* ENTRIES SUPPLIED *
=-=-=
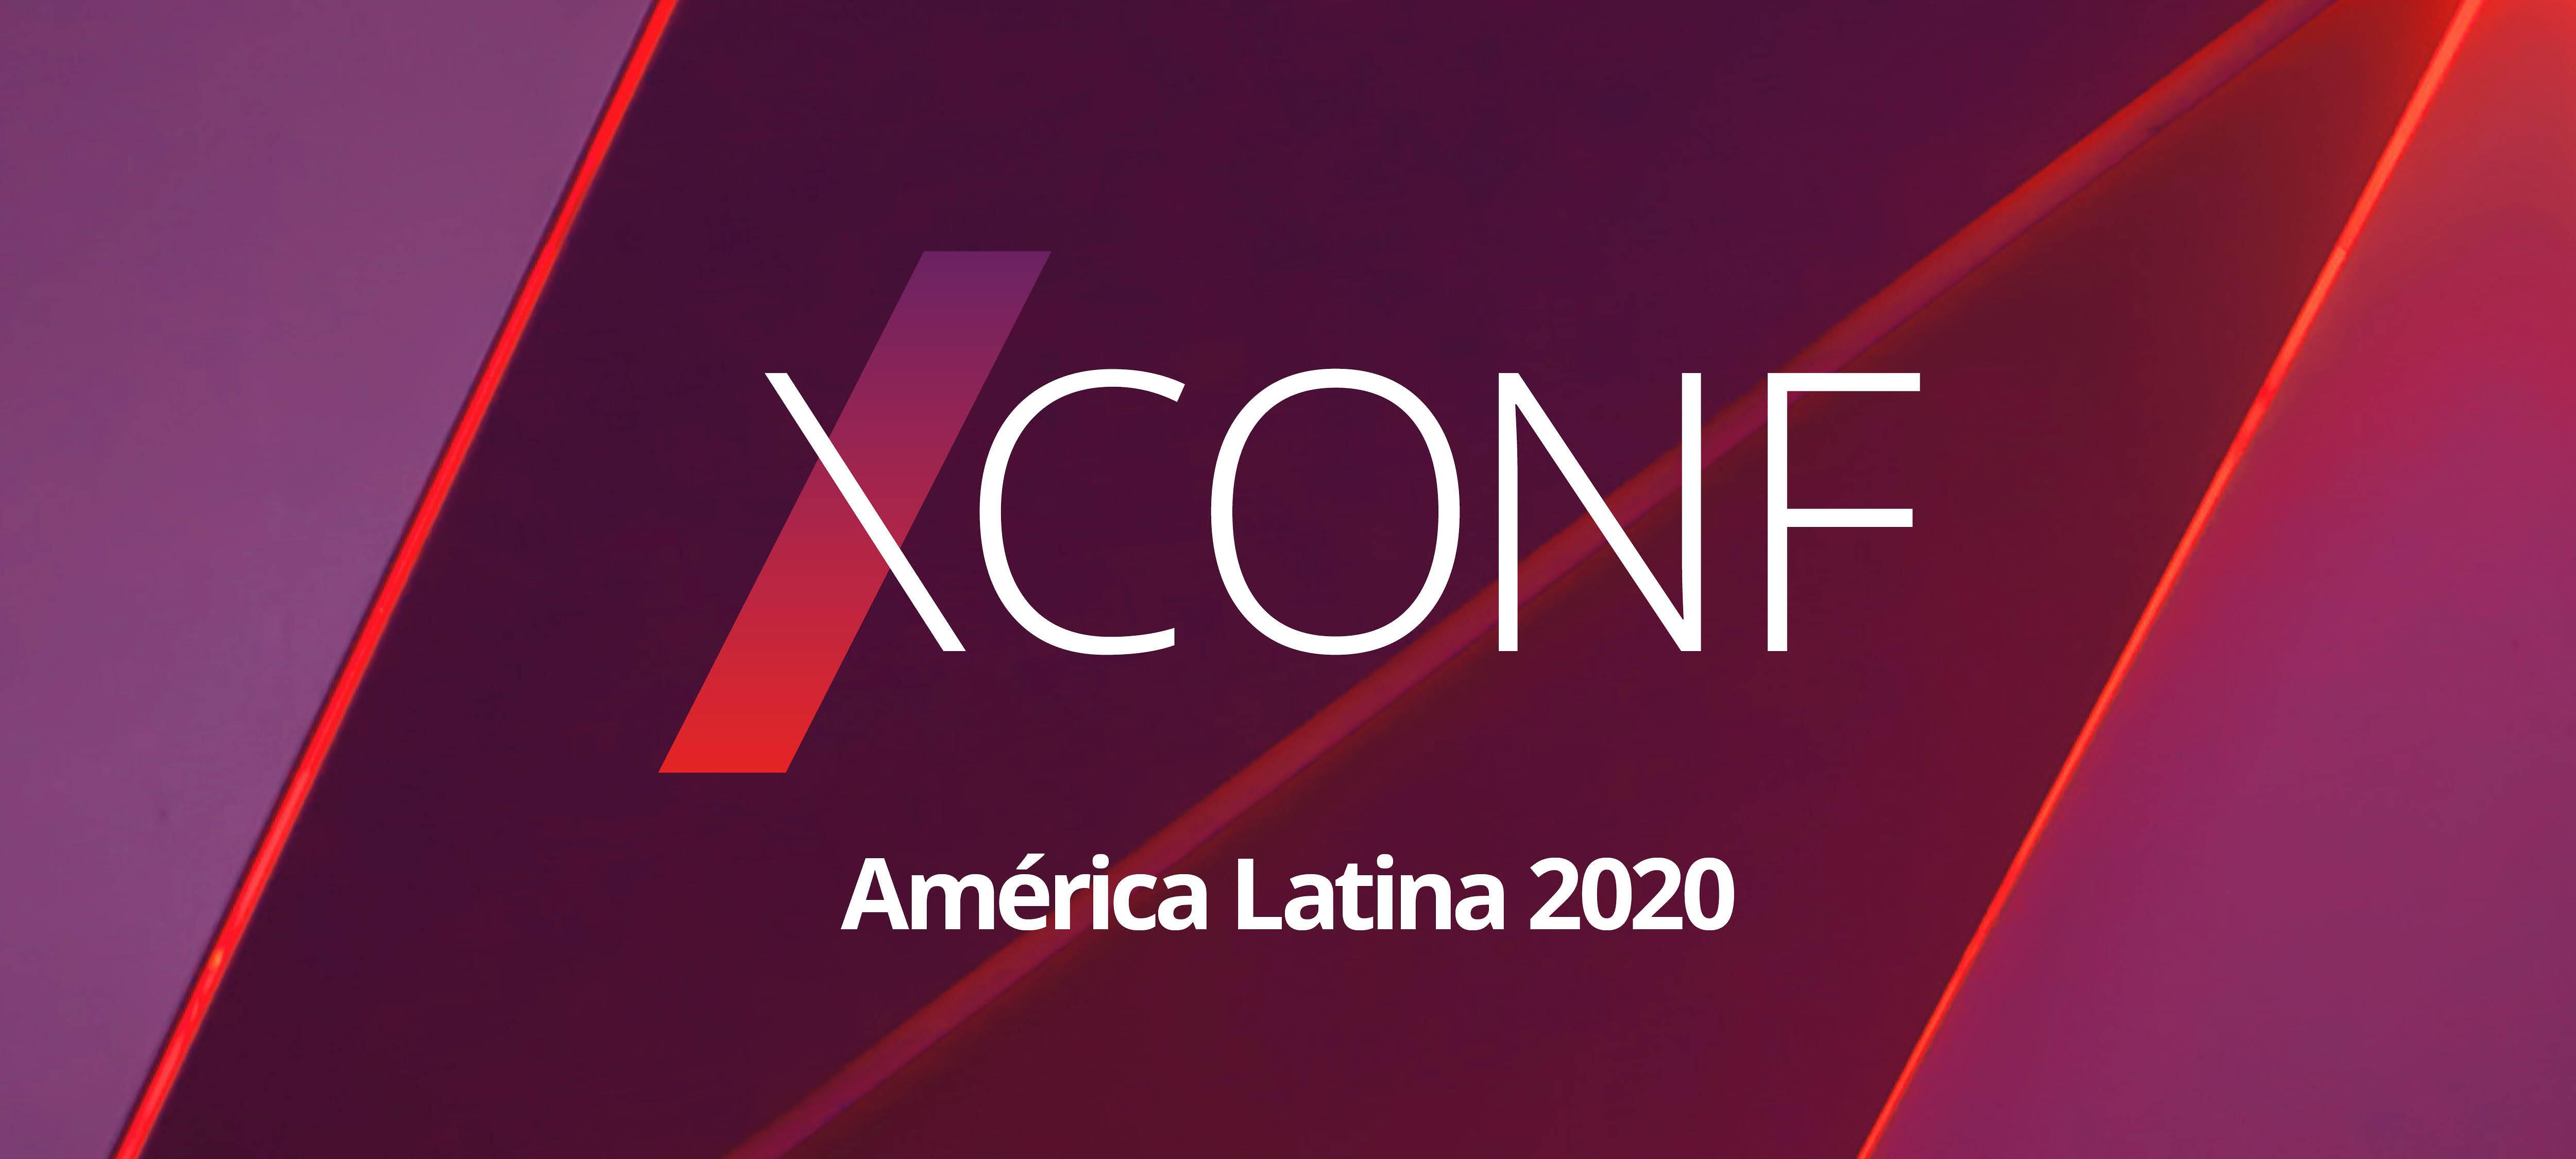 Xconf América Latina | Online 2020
=-=-=
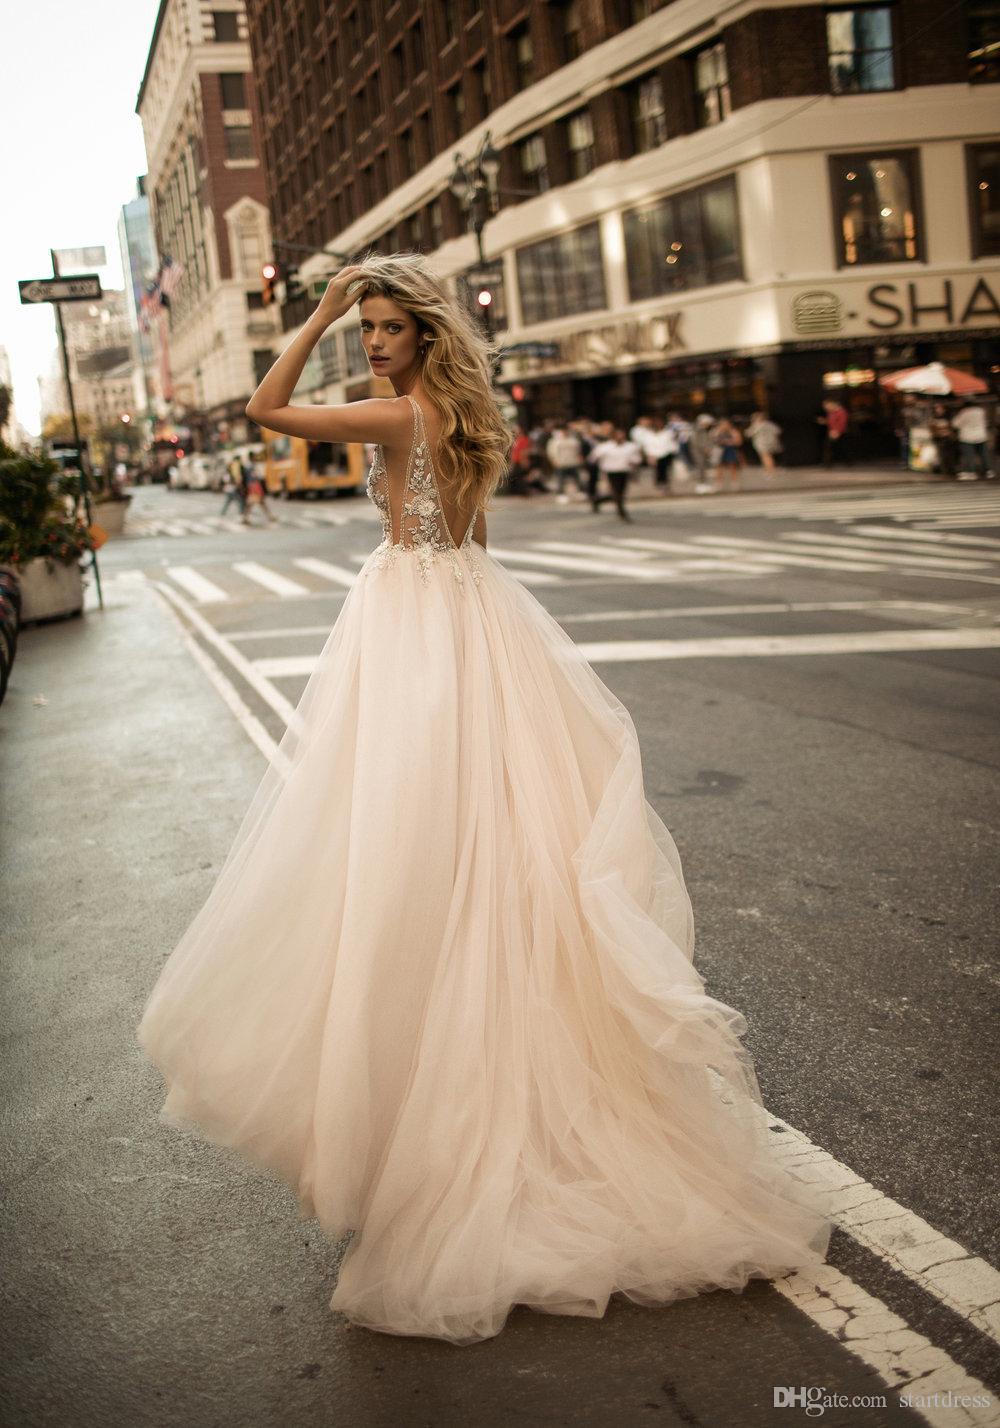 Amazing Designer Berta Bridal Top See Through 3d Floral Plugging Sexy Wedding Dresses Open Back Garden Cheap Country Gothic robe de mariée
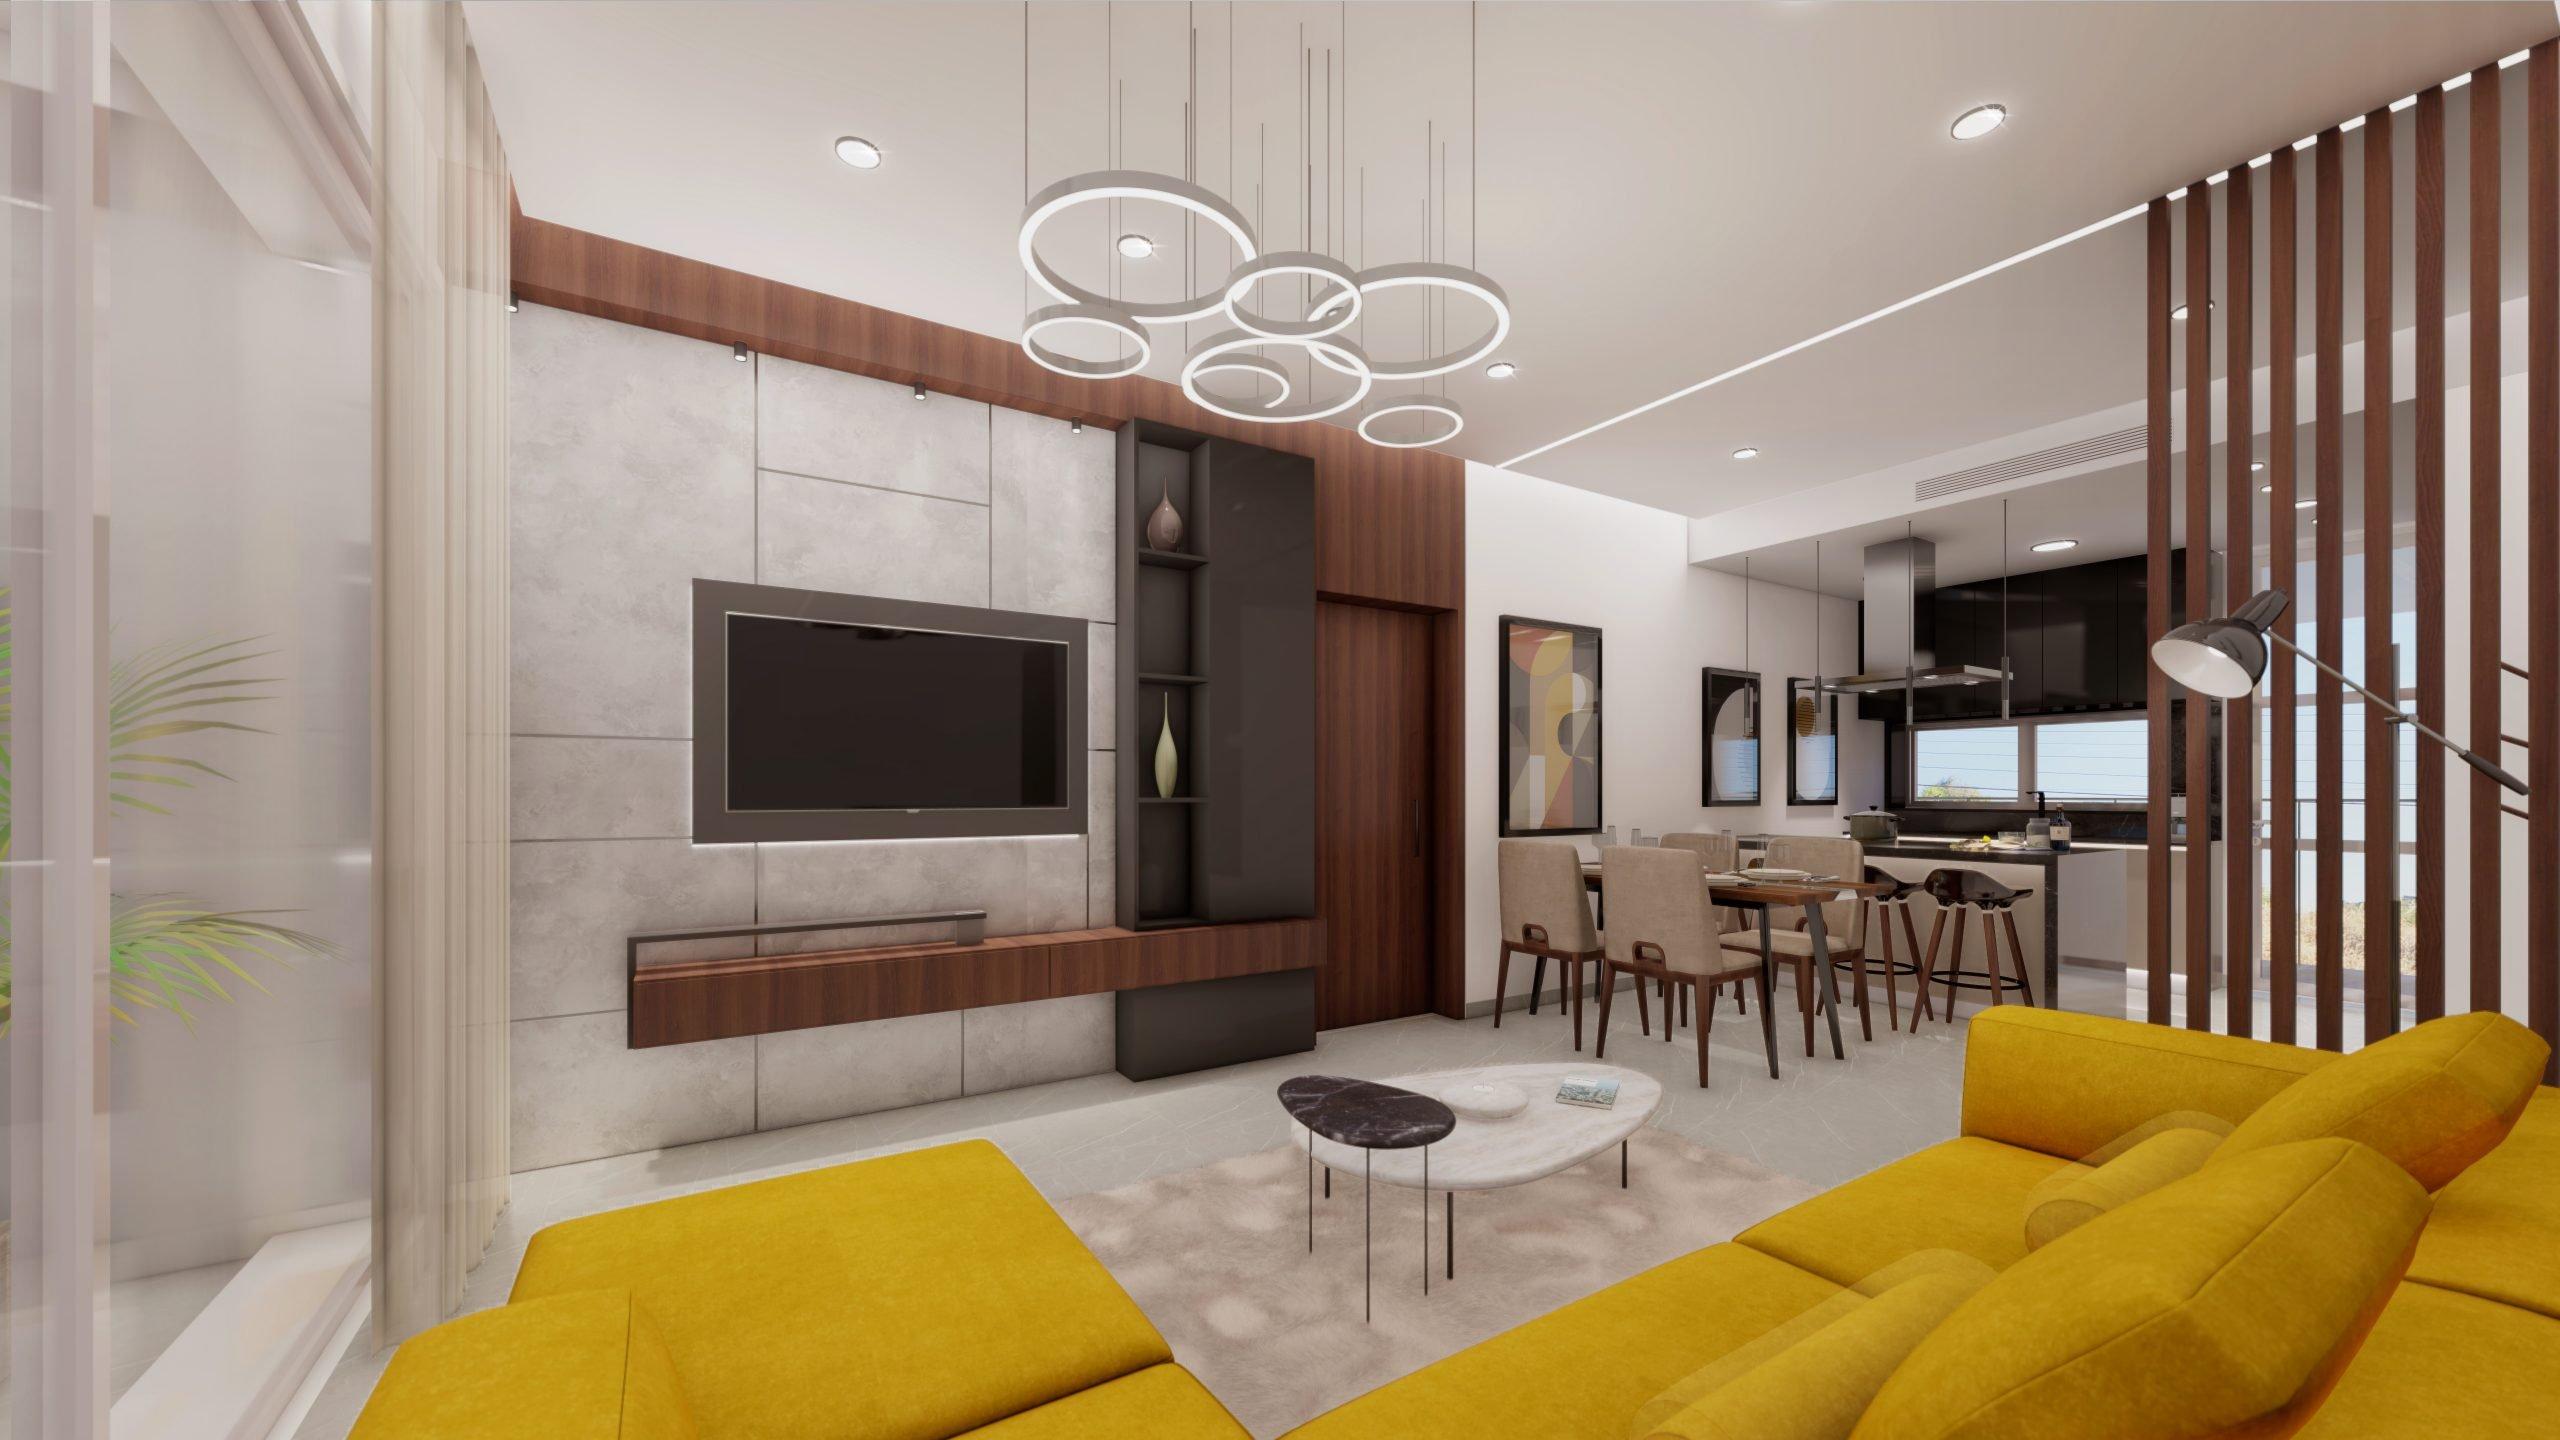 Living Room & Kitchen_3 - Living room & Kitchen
=-=-=
* WHAT TO DO *
In the listing above, find the line with "Amazing Designer Berta" and the line with "Living Room & Kitchen_3". Transcribe those two and everything between, exactly, leaving out pictures.

* REPLY *
 Amazing Designer Berta Bridal Top See Through 3d Floral Plugging Sexy Wedding Dresses Open Back Garden Cheap Country Gothic robe de mariée
 Living Room & Kitchen_3 - Living room & Kitchen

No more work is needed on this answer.